Equally as amazing as the Amerrique theory, the little-known theory that "America" derives from the name of a Bristol-based Welshman, Richard Ameryk, emerged early in the 20th century. It constitutes an incredible Anglicization of the New World — and would, for obvious reasons, infuriate Carew. The theory was developed by Alfred E. Hudd, a member of the Clifton Antiquarian Club, which in 1910 published his work in its proceedings; the paper, "Richard Ameryk and the Name America," had been read to the group two years before. Hudd opens with a reference to Bristol's 1897 celebration of the 400th anniversary of the discovery of North America by John Cabot (Giovanni Caboto), the Italian navigator and explorer who had sailed for England, laying the groundwork for the later British claim to Canada. For his achievement Cabot received a handsome pension conferred upon him by the King, from the hands of the Collectors of Customs of the Port of Bristol. One of these officials, the senior of the two, who was probably the person who handed over the money to the explorer, was named Richard Ameryk (also written Ap Meryke [Welsh] on one deed, and elsewhere written Amerycke) who seems to have been a leading citizen of Bristol at the time. Hudd claims that the name given to the newly found land by the discoverer was "Amerika," in honor of the official from whom he received his pension.

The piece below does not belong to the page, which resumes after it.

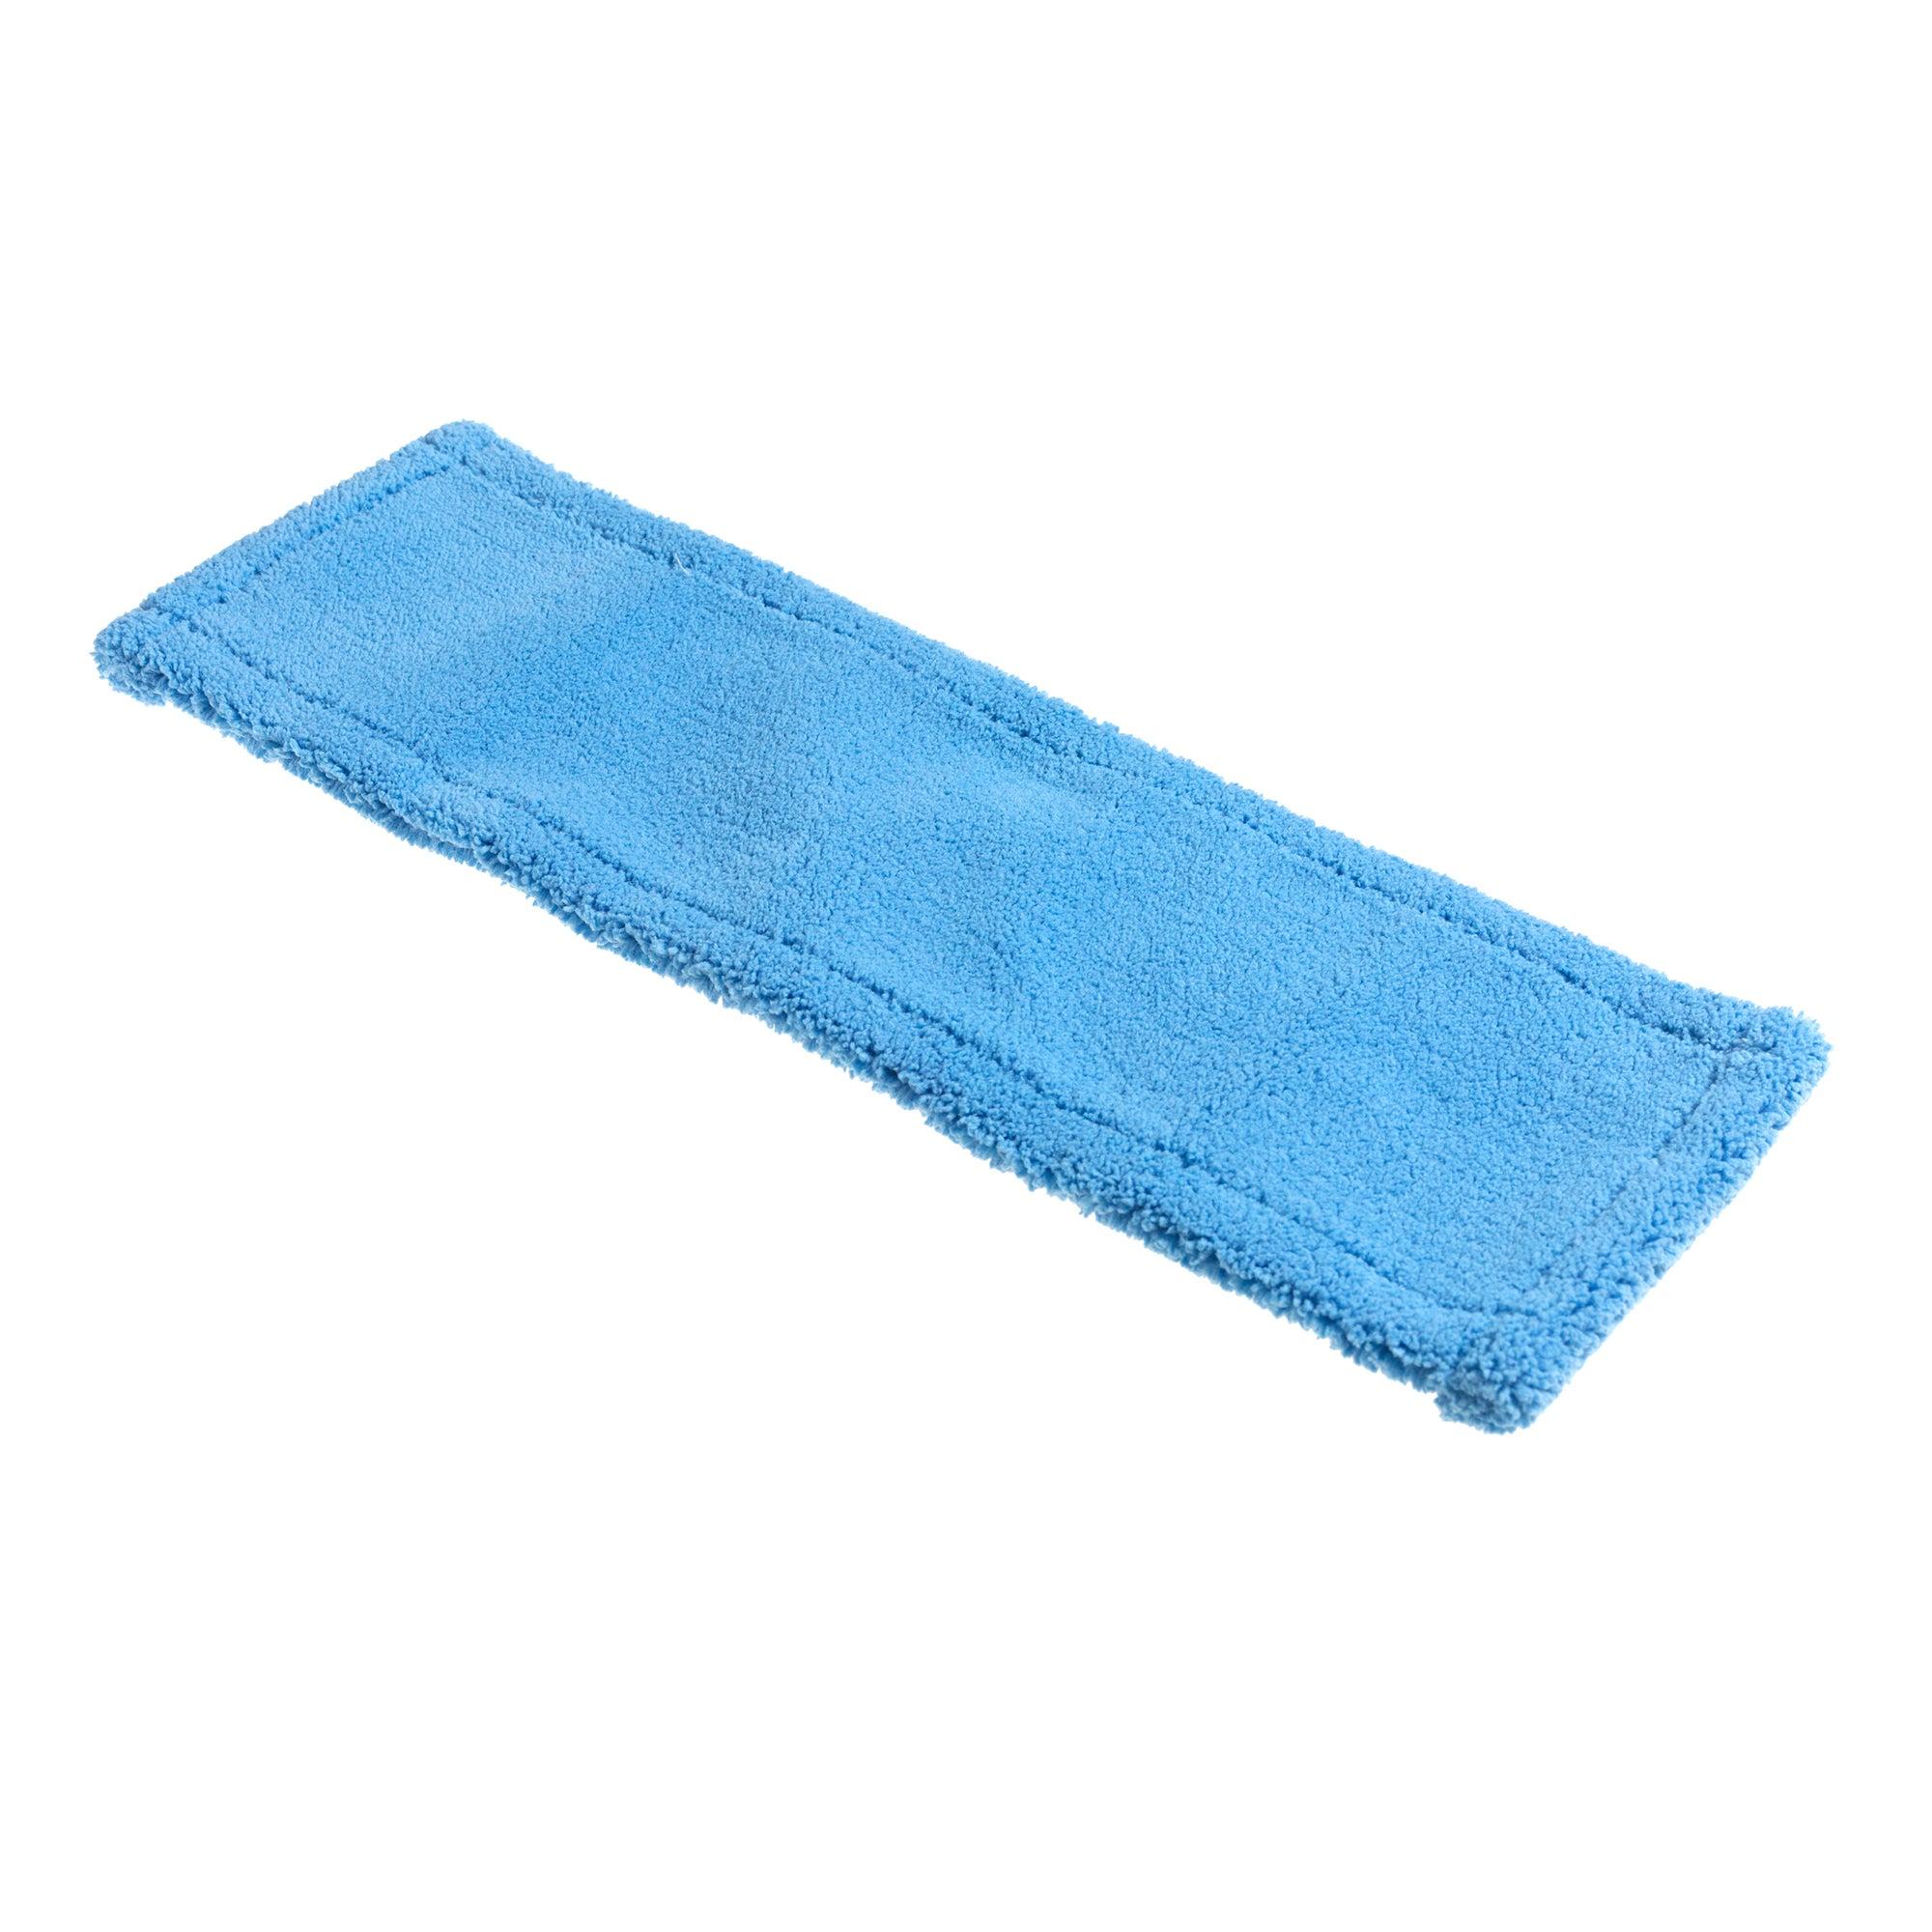 Addis Microfibre Flat Mop Refill

On his return to England the flamboyant Cabot, who dressed in silk, was celebrated as "the Great Admiral." He had a reputation for his extravagance. He purportedly gave one of the islands he explored to a friend, another to his barber, and also promised some Italian friars that they could be bishops. Hudd reasons that if Cabot were so free with his gifts to his poorer friends, it is easy to understand his wish to show gratitude to the King's official, and that he may well have done so by conferring his name on "the new Isle" which, it was thought, lay off the coast of China — Cabot never realized that he had found a continent.
To back his claim that the name America was known in Bristol in the years just before 1500, and well before Waldseemüller's map, Hudd presents the often quoted words of a lost manuscript, one of the "Calendars" in which local events were recorded: "This year [1497], on St. John the Baptist's day [June 24th], the land of America was found by the merchants of Bristowe, in a ship of Bristowe called the 'Mathew,' the which said ship departed from the port Bristowe the 2nd of May and came home again the 6th August following." If Hudd's suggestion is correct, the original manuscript documents the fact that the newly discovered land was already called America in Bristol before that name became known in Europe.
"Amerika," Hudd says, "seems much more like the name of the Bristol Customs official, than that of the Italian [Amerigo] … and having been invented in Bristol, by Cabot, and having been the only name for 'the new island' for more than ten years after its discovery, the resemblance of the name to that of Vespucci struck [the authors of the Cosmosgraphiae Introductio] … (to whom the English 'Richard Ameryk' was quite unknown), and thus through an error of his editor, to Vespucci was transferred the honour that the discoverer of North America, John Cabot, had intended to confer on the Bristolian 'Ameryk.'" Hudd fears that his main evidence, the original manuscript of Bristol's calendar, was lost in a fire and acknowledges that this important piece of the puzzle is missing. However, even if the name America were known in Bristol in 1497, Hudd has taken a majestic leap to suggest Ameryk's name as its origin. No proof exists to substantiate his claim that Cabot actually honored the Welshman by naming America after him. But if the name were indeed known in Bristol then, how was that possible?